OpenGL gaming on Linux/Android/SteamOS?

And then there are technical merits...

mczak · Jan 7, 2014

DSC said:
More advanced than desktop Kepler too, I guess Maxwell will have ASTC support in the texture units?

In SOCs for smartphones/tablets yes, others remain to be seen.
(For the record, just about the only visible feature change from Ivy Bridge Graphics to Bay Trail graphics is the latter supports ETC, something Haswell graphics still does not.)

DSC · Jan 7, 2014

http://nvidianews.nvidia.com/Releases/Audi-and-NVIDIA-Expand-Visual-Computing-in-the-Car-a90.aspx

http://blogs.nvidia.com/blog/2014/0...egra-k1-to-power-piloted-driving-initiatives/

Congrats to Nvidia on the design win.

Ailuros · Jan 7, 2014

ninelven said:
OpenGL gaming on Linux/Android/SteamOS?

And then there are technical merits...

Of course are there a lot of advantages, but OGL gaming on niche use cases (if until the landscape changes) doesn't sound all too convincing for NV to implement ASTC in something like a desktop GPU.

mczak · Jan 7, 2014

Ailuros said:
I'm afraid most of you are missing viable points if it comes to GLB2.7. The specific benchmark has a ton of alpha test based foliage.

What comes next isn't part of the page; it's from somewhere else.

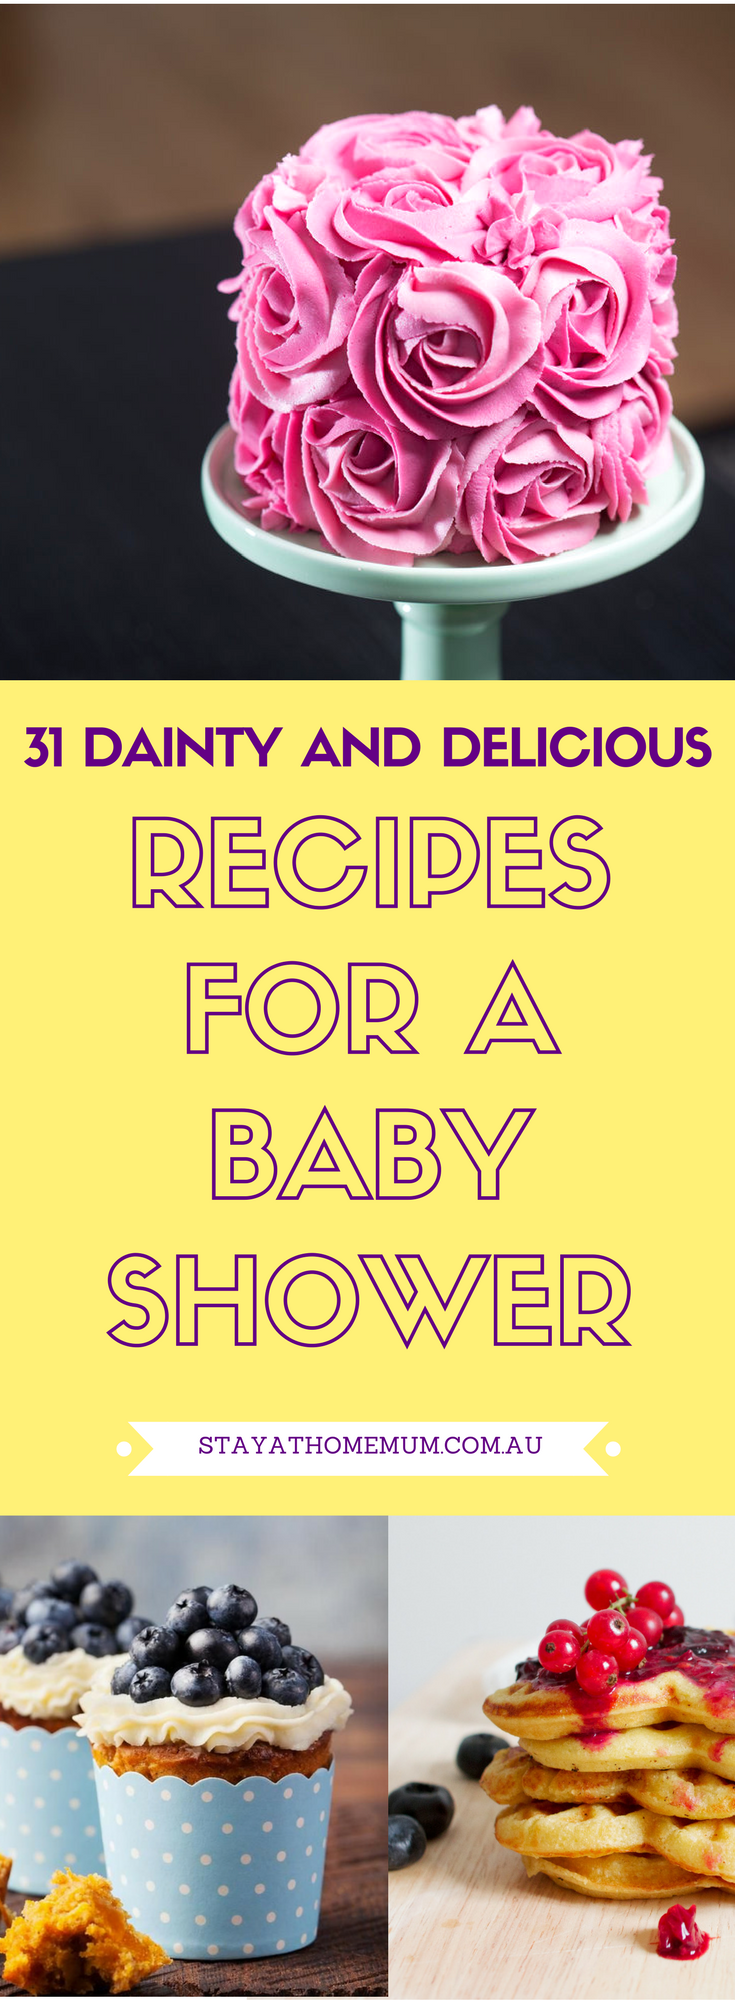 31 Dainty and Delicious Recipes for a Baby Shower | Stay At Home Mum

Well I'm not entirely sure it's really completely bottlenecked by that, but regardless it's the only datapoint we have right now. And even if z tests got a proportionally larger increase compared to Tegra 4 than some other parts of the chips (which I don't know as it's very difficult to keep track of these usually undisclosed things), shader gflops increased big time too, so I don't think it's unreasonable to expect it to be a lot faster in general. I agree though certainly other benchmarks need to be used too to judge the worthiness of the competitors.

Despite that nobody missed me (which is nice honestly) and since I am a man of my word: I must admit in public that I have to eat my words and they truly seem to have integrated a full Kepler cluster into GK20A; I don't care if it's almost "full" either since I'm generous enough to stand by my mistakes.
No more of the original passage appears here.